### To do:
Please take the records that follow and repeat exactly the lines starting with the line with "Épinglé sur bathroom" and going on through the line with "Professor Daniel Fredrickson".

### Extracted data:

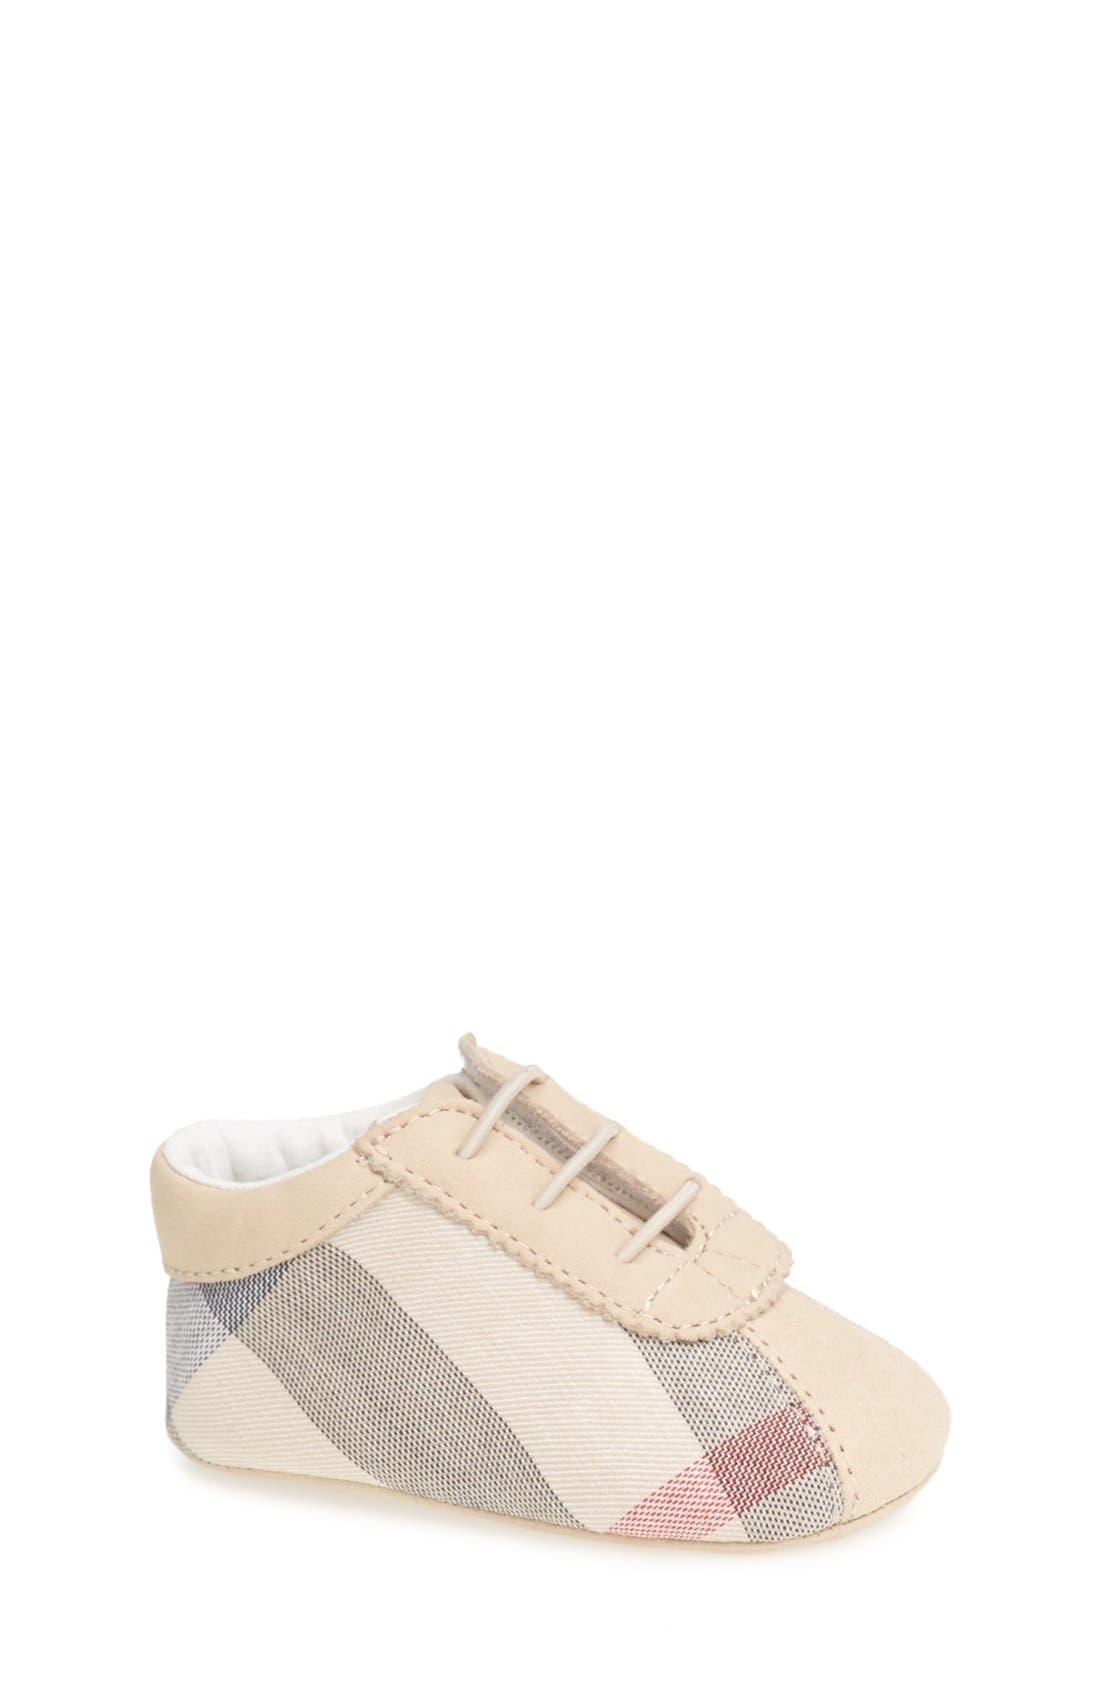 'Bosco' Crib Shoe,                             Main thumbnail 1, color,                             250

* * *

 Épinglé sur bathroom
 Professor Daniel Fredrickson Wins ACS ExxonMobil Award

### Your response:
 Épinglé sur bathroom
 Professor Daniel Fredrickson Wins ACS ExxonMobil Award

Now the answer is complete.